Livongo Health (NASDAQ:LVGO), Sea Limited (NYSE:SE), and Fastly (NYSE:FSLY) were among the losers today, as their shares fell along with the broader market on fears of an expanding coronavirus outbreak around the world and in the U.S.
Reported cases in Florida hit an all-time high today with more than 5,500 new cases, and New York, New Jersey, and Connecticut implemented a mandatory two-week quarantine on visitors from states now experiencing severe outbreaks, including much of the South.
The news comes as the virus continues to spread rapidly in other parts of the world, including Latin America, South Asia, and the Middle East, undercutting the narrative that the global economy was recovering from the pandemic. The International Monetary Fund also slashed its GDP growth expectations for the year, forecasting a 4.9% decline, and said the economy would recover more slowly than expected.
The news drove risk-off behavior among investors as they abandoned both cyclically sensitive stocks and those that had racked up big gains this year because of their perceived resistance to the pandemic. That latter group includes Livongo, Sea Limited, and Fastly, which have all more than doubled this year, as the chart below shows.
As of 12:56 p.m EDT on Wednesday, Livongo was down 4.4%, Sea had fallen 5.4%, and Fastly had given up 3%. At the same time, the S&P 500 was down 2.2%.
There was no specific news on these stocks today. Rather, reports seemed to remind investors that the global economy is still on shaky ground and that the coronavirus crisis may be getting worse, not better, as the strong recovery from the March bottom once seemed to indicate.
All three of these stocks have performed so well because they're seen in some ways as benefiting from the pandemic, or they are high-growth stocks unaffected by the coronavirus.
Fastly, for example, has more than tripled as its first-quarter earnings report triggered a blockbuster rally. The content delivery network, which accelerates access to web pages, saw traffic jump on its platform as shutdown orders took effect.

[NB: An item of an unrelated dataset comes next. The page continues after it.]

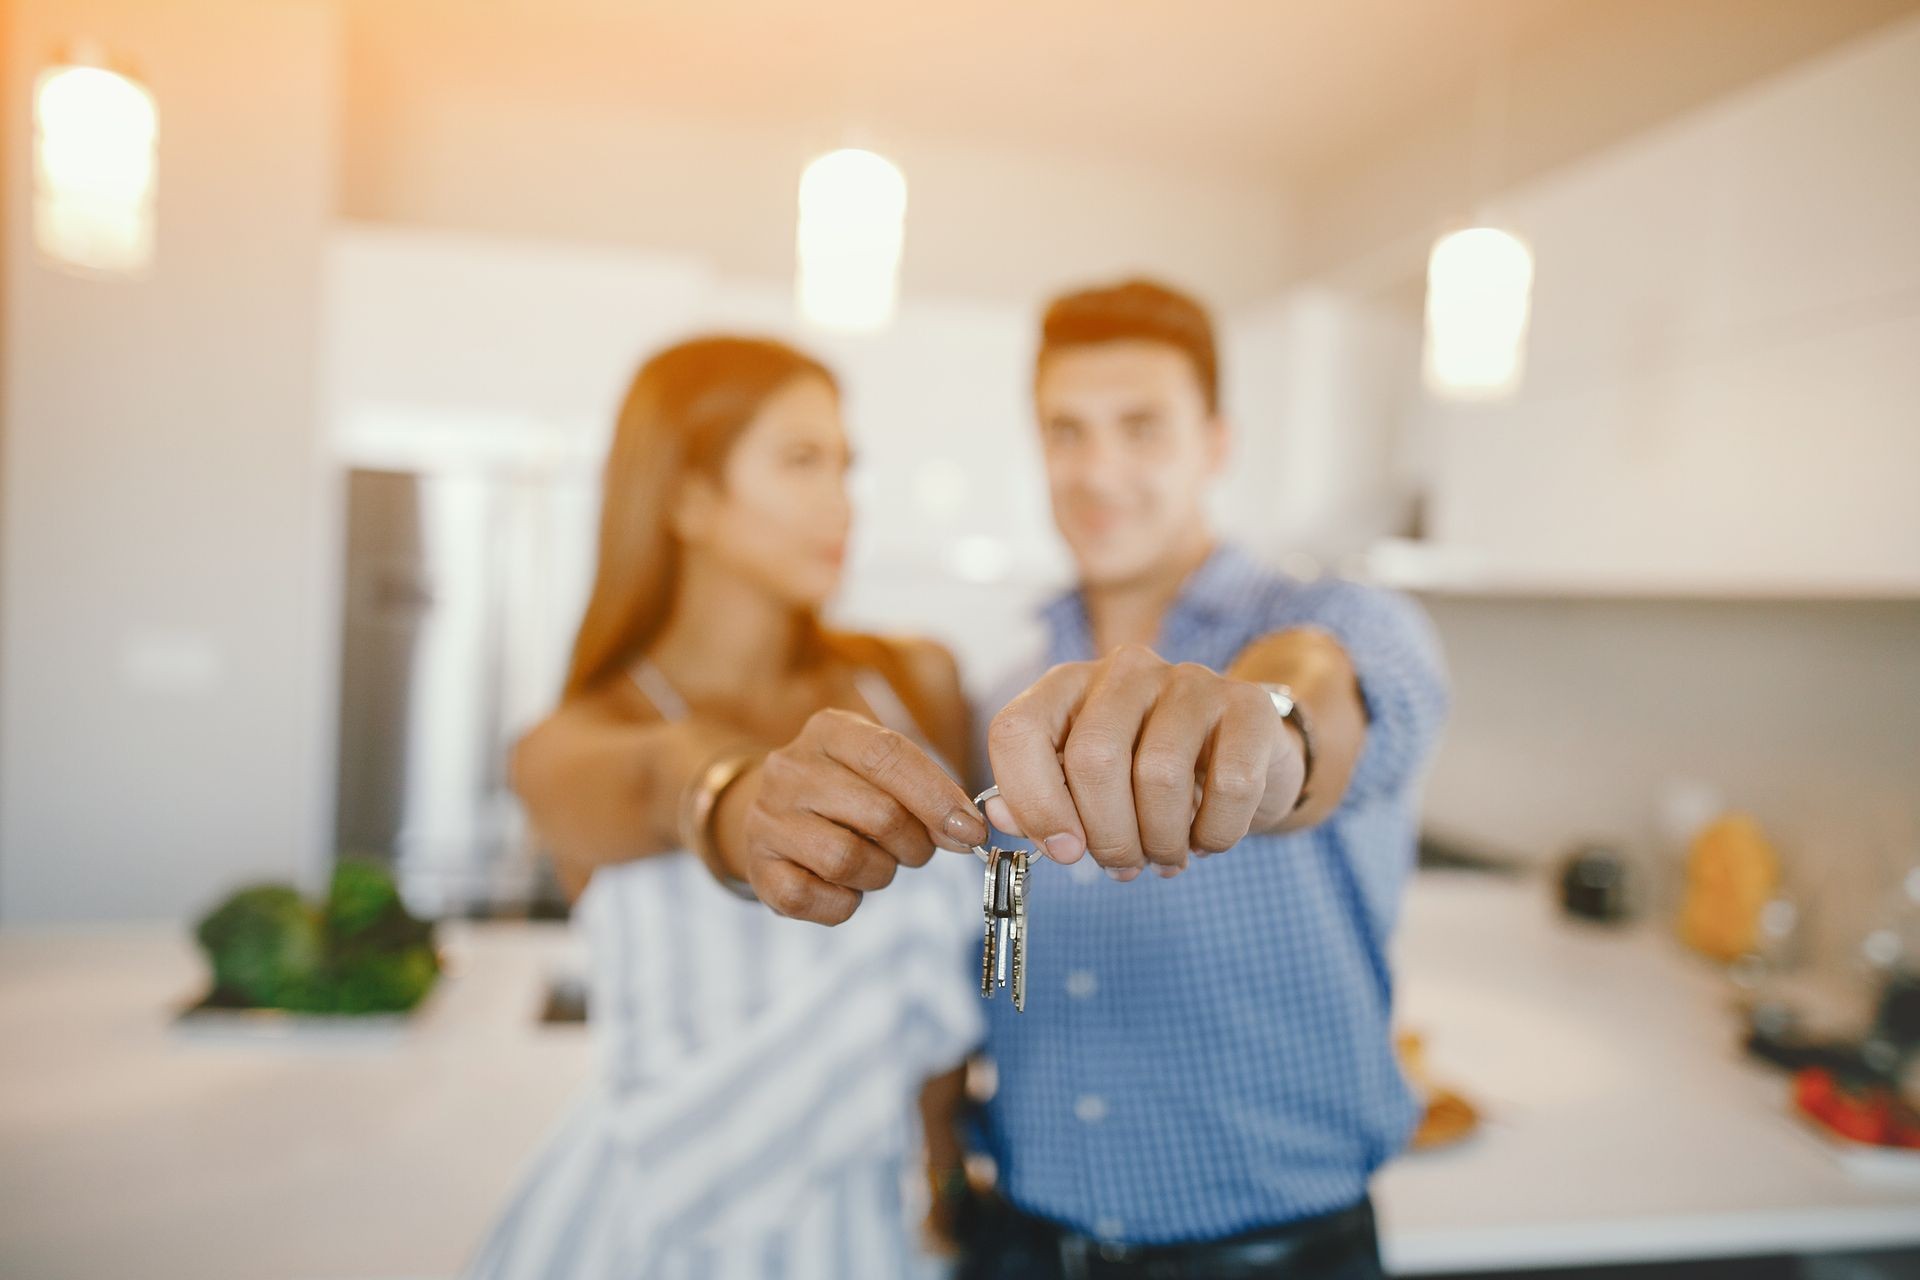 Copule with keys. The spouses hold the keys to the apartment in their hands

That helped the company beat analyst estimates in the first quarter and lift its guidance for the year. It now expects revenue of $280 million to $290 million, up from a previous range of $255 million to $265 million, which represents 42% growth at the midpoint. While that upgraded forecast is encouraging, Fastly's improving prospects seem to be more than priced into the stock at this point.
Similarly, Sea Limited is in a position to take advantage of the pandemic as a provider of e-commerce and digital gaming services in Southeast Asia. But after the stock nearly tripled this year, it seems that the expected growth is already priced in.
Finally, Livongo is a cloud-based provider of health-monitoring services, and seems only marginally affected by the pandemic since its business looks to be resilient to both COVID-19 and a global recession. The company is growing revenue by triple digits and also raised its guidance in its first-quarter report, but valuation concerns may be putting a ceiling on the stock for now.
With today's pullback, which appears to be the first in several weeks for all three of these stocks, investors may be saying that high-growth stocks have reached a secular limit, especially for those that have already racked up gains around 200% in just a few months. Though Livongo, Sea Limited, and Fastly could certainly move higher from here, at this point they will probably need to do the heavy lifting themselves, rather than just riding investor sentiment. The market momentum that carried them to monster gains this year seems to be fading.